# DDR4 Unterschied zwischen 2133MHz und 2400MHz



## Lost-Wolf (14. November 2015)

Da mindfactory genau kurz vor meiner Bestellung den HyperX Furry DDR4-2400er RAM um 15€ im Preis angehoben hat, wollte ich mal fragen ob man da einen merklichen Unterschied zum langsameren mit 2133MHz merkt?
Immerhin zurzeit ein Preis Unterschied von über 14€, was mir 1fps mehr nicht Wert ist.


----------



## Incredible Alk (14. November 2015)

Einen "merklichen Unterschied" gibts beim Spielen nicht mal zwischen DDR4-2133 und DDR4-3200.
Speicher für Skylake: DDR3-1.333 bis DDR4-3.000 im Vergleich (Seite 3) - ComputerBase


----------



## Lost-Wolf (14. November 2015)

Da ist ja auf einem Asus Board bei WinRAR ja sogar der langsamere RAM schneller...


----------



## Incredible Alk (14. November 2015)

Ram besteht nicht nur aus Taktrate. Auch die ganzen Latenzen und auch ob der RAM Single-ranked oder Double-ranked ist spielt eine große Rolle.

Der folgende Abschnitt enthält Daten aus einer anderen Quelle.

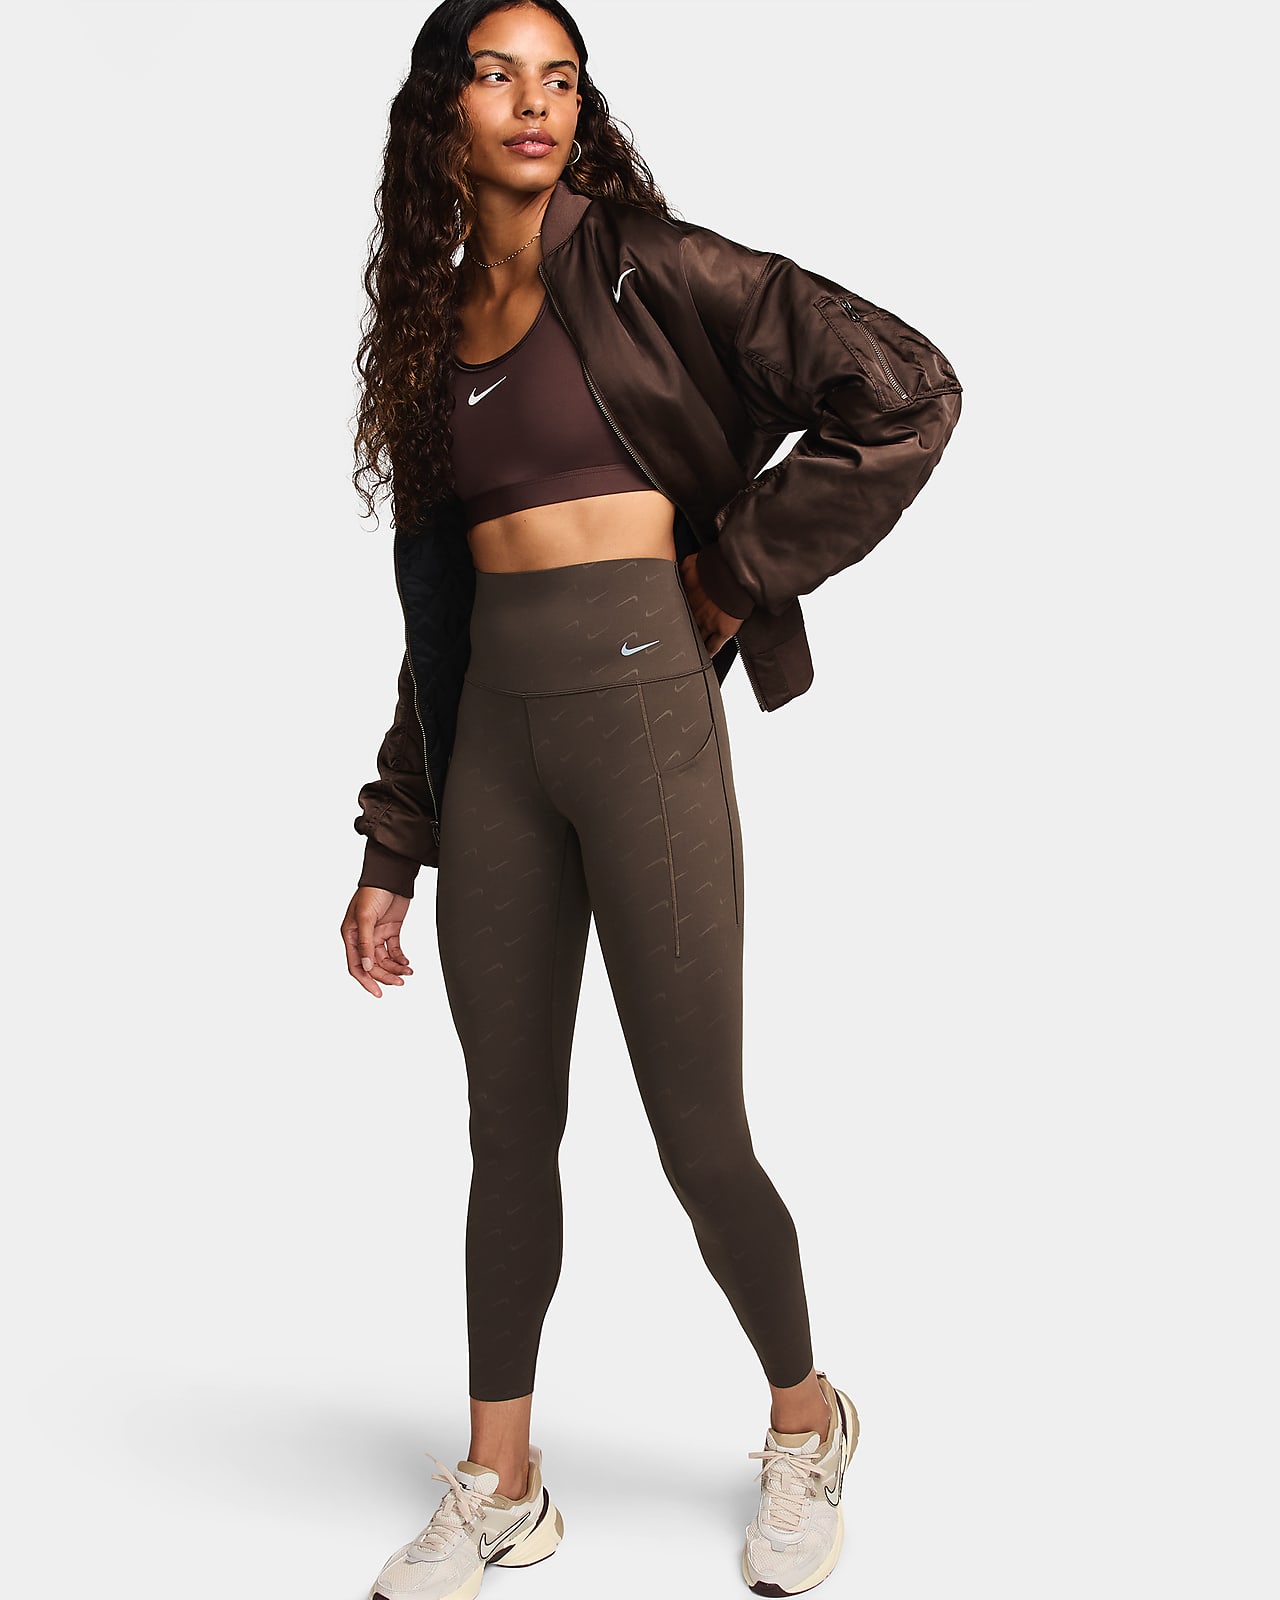 Nike Universa közepes tartást adó, 7/8-os, magas derekú, mintás női leggings zsebekkel

Es kann durchaus passieren, dass beispielsweise guter 1866er RAM schneller ist als billiger 2800er.
Extrembeispiel:
http://extreme.pcgameshardware.de/a...peicher-thread-inkl-langzeittest-720p-sli.png


----------



## DKK007 (14. November 2015)

Laut dem CB-Test, hatte das gewählte Board auch einen deutlich größeren Einfluss als der erhöhte RAM-Takt.


----------



## IluBabe (14. November 2015)

Bei den Spielen die es nutzen können ist das der Unterschied zwischen ner GTX 970 und ner 980 oder ner Fury und ner Nano oder eben zwischen ner Stock karte und einer die man "vor-übertaktet" kauft von einem Dritthersteller. Also so ähnlich. Oder wie auch immer man es ausdrücken mag (DDR4 Memory Scaling on Intel Z170 - Finding The Best DDR4 Memory Kit Speed - Page 5 of 6 - Legit ReviewsMetro Last Light*and GTA V). Das der Unterschied also nicht merklich ist, wie erklärt ist eine relativierende Behauptung, die nur zustande kommt, weil über alles betrachtet eben es auch Spiele und Anwendungen gibt die davon nichts haben, was halt die Kehrseite darstellt. Wenn man keinen Unterschied ermessen kann dann sind 14 Euro sicher nichts was man ausgeben sollte. Musst du halt selbst entscheiden. Immerhin kaufst du dir wohl gerade nen Unterbau der gut und gern 3-5 Jahre halten mag. Was da an Spielen auf den Markt kommt, und ob die davon etwas haben kannst du nur selber abschätzen.

Joar das mit den Boards ist halt auch nicht gerade so witzig.


----------